English · Español

Lab 00 — A 2-expert MoE variant of MiniGPT-grammar (and why it doesn't help)¶

Goal: swap the FFN in one transformer block for a 2-expert MoE. Train locally on CPU. Honestly compare to the dense baseline. Confirm the negative result: MoE doesn't help the grammar tutor.
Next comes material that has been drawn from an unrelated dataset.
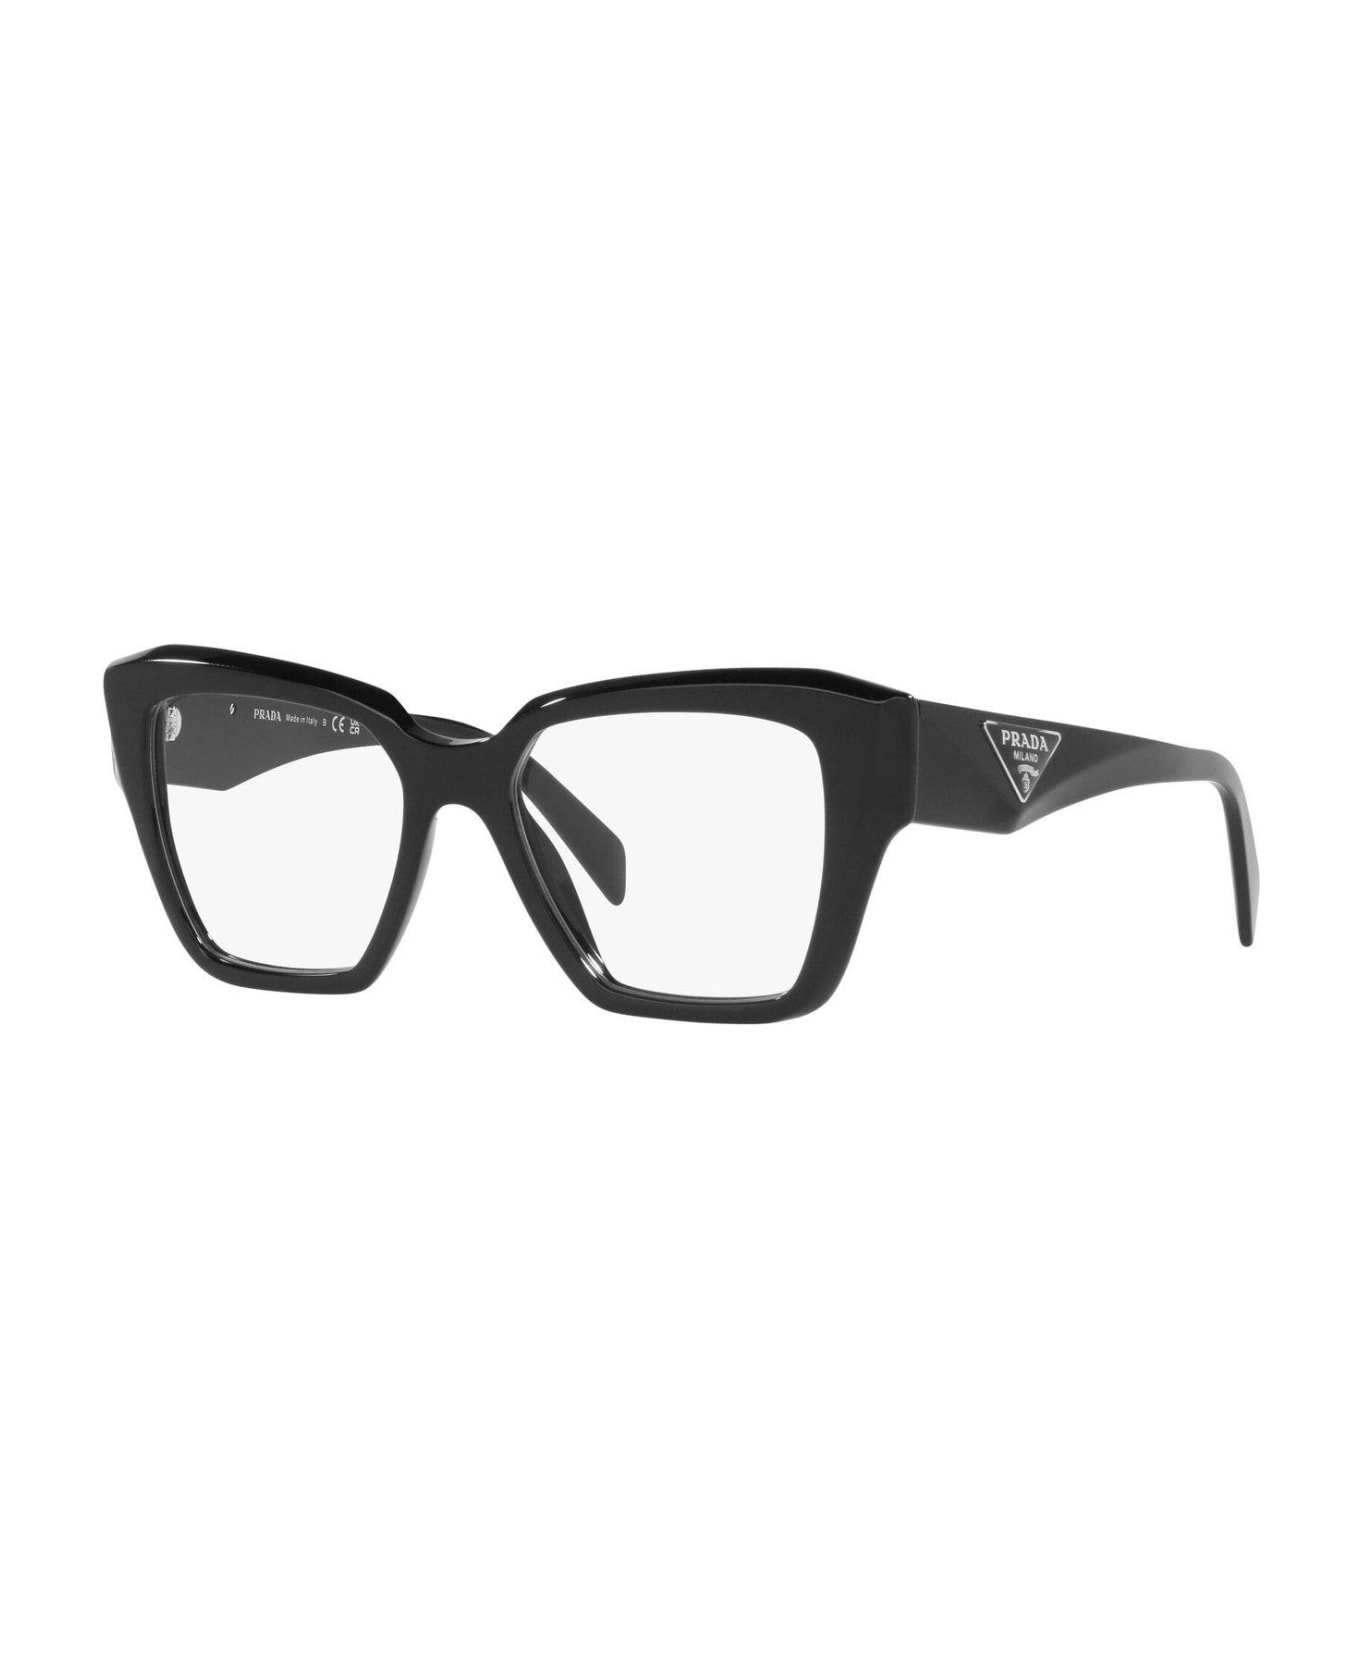 Prada Eyewear Square Frame Glasses - 1AB1O1 アイウェア

Estimated time: 3–4 hours.

Prereq: Phase 17 MiniGPT-grammar trained; Phase 18 training loop in src/minitrain/; Phase 19 inspection hooks for monitoring loss. Borja has read theory/01-moe.md.

What you produce¶

A directory experiments/36-moe-on-grammar-tutor/ containing:

moe_block.py — local (experiment-scoped) module with a MoEBlock class implementing routing + 2 expert FFNs + load-balancing aux loss. Per the phase plan, this lives in the experiment directory (or as src/minimodel/_moe_block.py if Borja prefers — single optional file under an existing module, not a new top-level module).
train_moe.py — training script: builds a MiniGPT-grammar variant with the MoE block replacing one or two of the dense FFNs.
compare.py — runs the baseline (Phase 18 dense MiniGPT) and the MoE variant, side-by-side: same data, same seed, same step count.
manifest.json — final metrics, parameter counts, perplexity, training time.
findings.md — the honest report on the comparison.

TODOs¶

Block A — implement the MoE block¶

# experiments/36-moe-on-grammar-tutor/moe_block.py
# Skeleton — Borja writes the body. ~150 LOC target.

import torch
from torch import nn
import torch.nn.functional as F

class MoEBlock(nn.Module):
    """Top-2 routing of E experts. Returns (output, aux_loss).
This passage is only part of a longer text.